Here's an example of a non-negative custom int64 variant:
scalar type posint64 extending int64 {
constraint min_value(0);
}Enums​
Enum types are created by extending the abstract enum type, e.g.:
scalar type Color extending enum<Red, Green, Blue>;
type Shirt {
color: Color;
}which can be queries with:
select Shirt filter .color = Color.Red;For a full reference on enum types, see the Enum docs.
Arrays​
Arrays store zero or more primitive values of the same type in an ordered list. Arrays cannot contain object types or other arrays, but can contain virtually any other type.
type Person {
str_array: array<str>;
json_array: array<json>;
tuple_array: array<tuple<float32, float32>>;
# INVALID: arrays of object types not allowed:
# friends: array<Person>
# INVALID: arrays cannot be nested:
# nested_array: array<array<str>>
# VALID: arrays can contain tuples with arrays in them
nested_array_via_tuple: array<tuple<array<str>>>
}Array syntax in EdgeQL is very intuitive (indexing starts at 0):
select [1, 2, 3];
select [1, 2, 3][1] = 2; # trueFor a full reference on array types, see the Array docs.
Tuples​
Like arrays, tuples are ordered sequences of primitive data. Unlike arrays, each element of a tuple can have a distinct type. Tuple elements can be any type, including primitives, objects, arrays, and other tuples.
type Person {
unnamed_tuple: tuple<str, bool, int64>;
nested_tuple: tuple<tuple<str, tuple<bool, int64>>>;
tuple_of_arrays: tuple<array<str>, array<int64>>;
}Optionally, you can assign a key to each element of the tuple. Tuples containing explicit keys are known as named tuples. You must assign keys to all elements (or none of them).
type BlogPost {
metadata: tuple<title: str, published: bool, upvotes: int64>;
}Named and unnamed tuples are the same data structure under the hood. You can add, remove, and change keys in a tuple type after it's been declared. For details, see Tuples.
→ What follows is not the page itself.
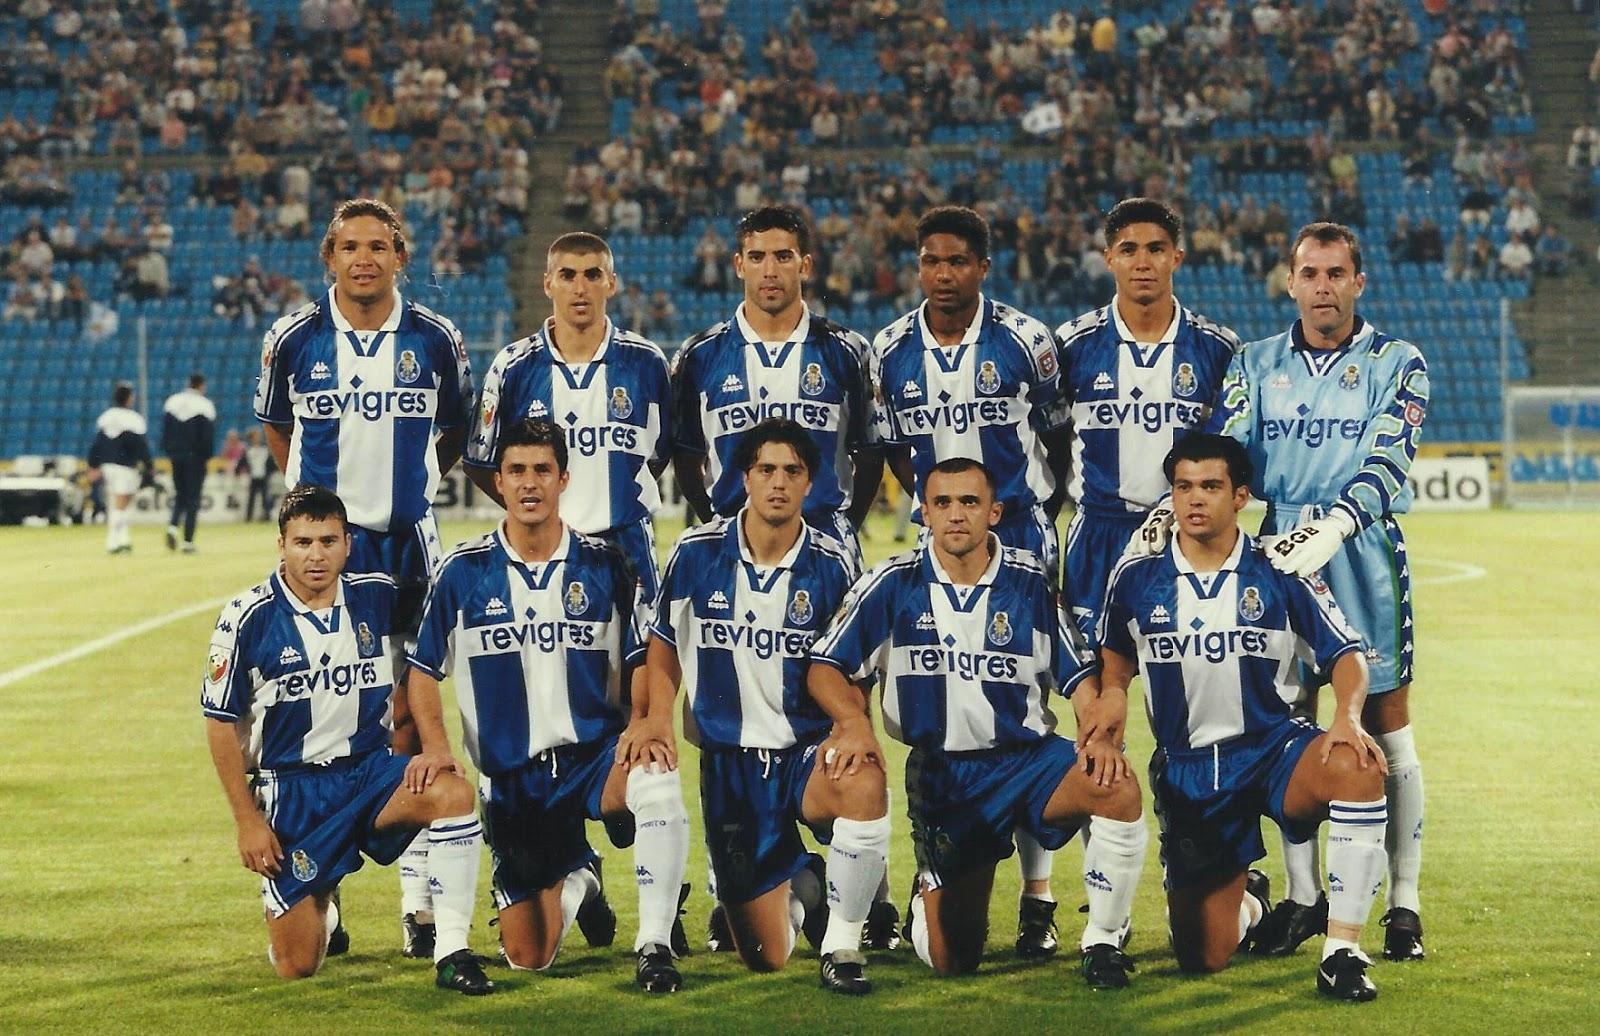 1997 Barros Vintage Porto - Garrafeira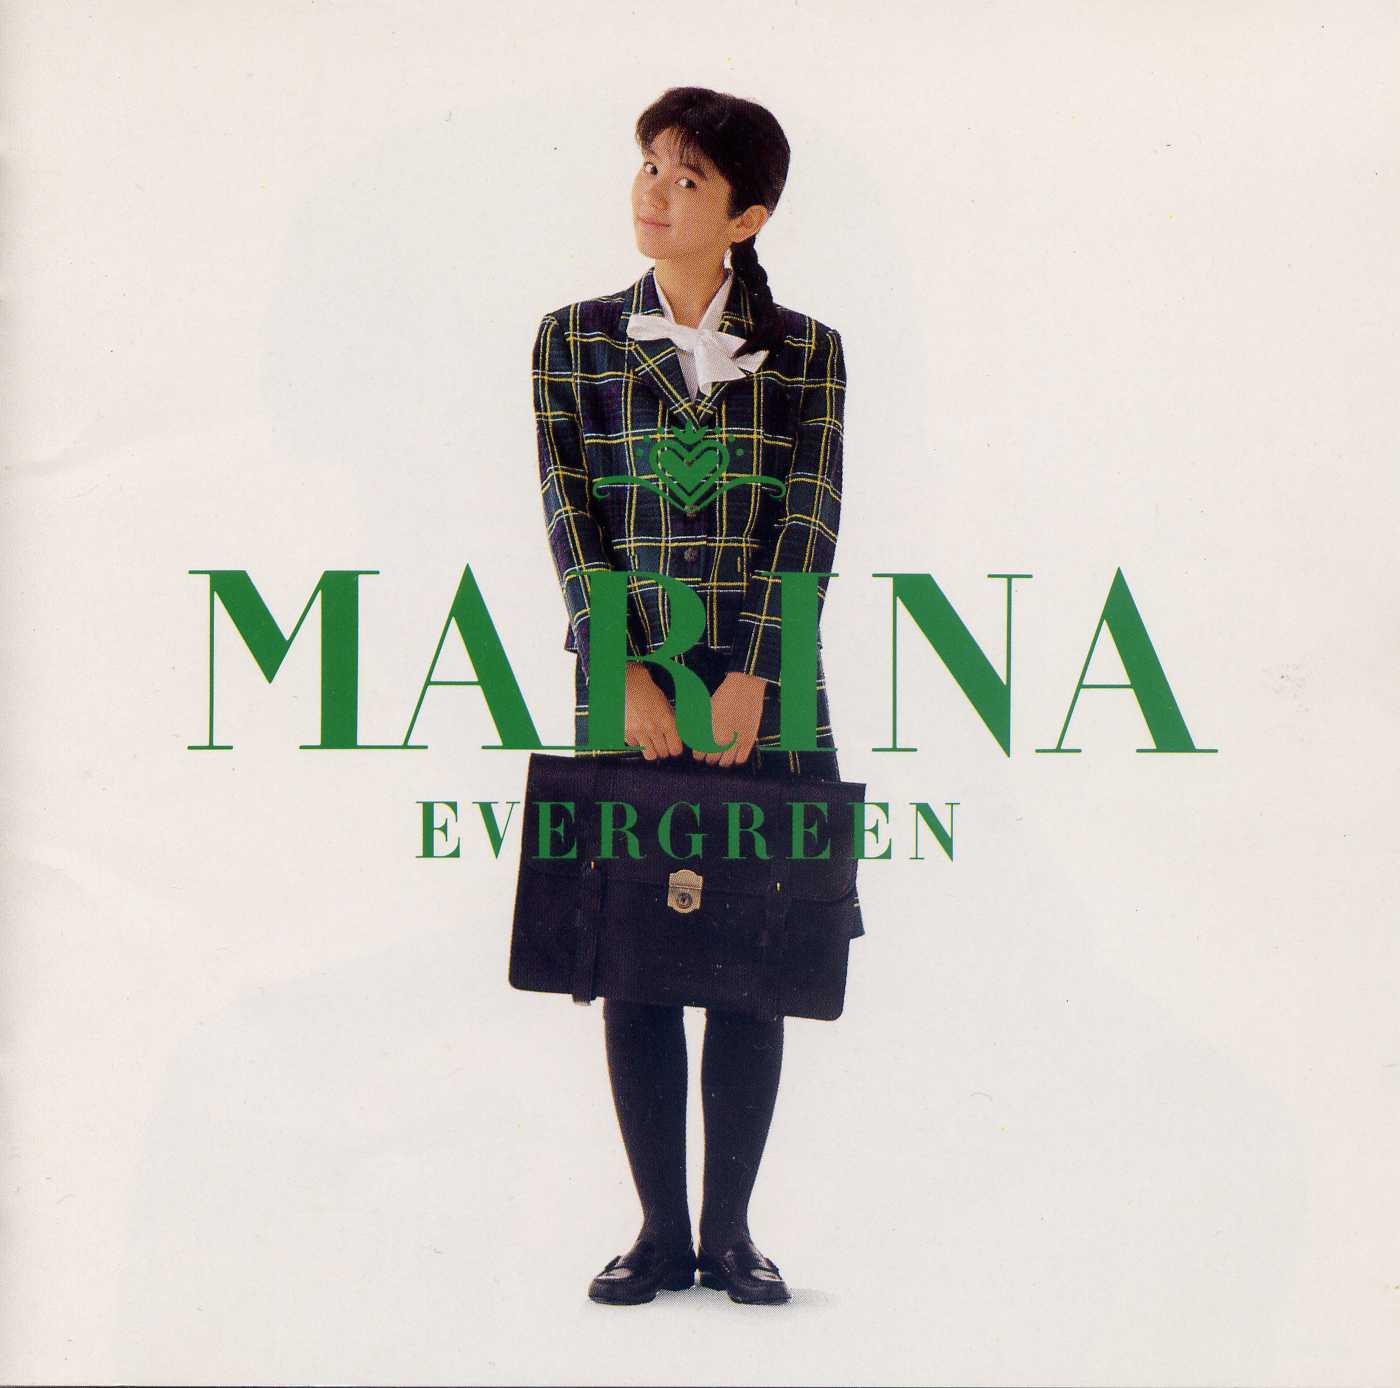 20160526.02.19 Marina Watanabe - Evergreen (1987) (M4A) cover.jpg

When you query an unnamed tuple using one of EdgeQL's client libraries, its value is converted to a list/array. When you fetch a named tuple, it is converted into an object/dictionary/hashmap depending on the language.
Ranges​
Ranges represent some interval of values. The intervals can be bound or unbound on either end. They can also be empty, containing no values. Only some scalar types have corresponding range types:
-
Numeric ranges:
range<int32>,range<int64>,range<float32>,range<float64>,range<decimal> -
Date/time ranges:
range<datetime>,range<cal::local_datetime>,range<cal::local_date>
Example:
type DieRoll {
values: range<int64>;
}For a full reference on ranges, functions and operators see the Range docs.
Sequences​
To represent an auto-incrementing integer property, declare a custom scalar
that extends the abstract sequence type. Creating a sequence type
initializes a global int64 counter that auto-increments whenever a new
object is created. All properties that point to the same sequence type will
share the counter.
scalar type ticket_number extending sequence;
type Ticket {
number: ticket_number;
rendered_number := 'TICKET-\(.number)';
}For a full reference on sequences, see the Sequence docs.
Declaring scalars​
This section describes the syntax to declare a custom scalar type in your schema.
Syntax​
[abstract] scalar type TypeName [extending supertype [, ...] ]
[ "{"
[ annotation-declarations ]
[ constraint-declarations ]
...
"}" ]Description​
This declaration defines a new object type with the following options:
- abstract
-
If specified, the created scalar type will be abstract.
- TypeName
-
The name (optionally module-qualified) of the new scalar type.
- extending supertype
-
Optional clause specifying the supertype of the new type.
If supertype is an
enumerated typedeclaration then an enumerated scalar type is defined.Use of
extendingcreates a persistent type relationship between the new subtype and its supertype(s). Schema modifications to the supertype(s) propagate to the subtype.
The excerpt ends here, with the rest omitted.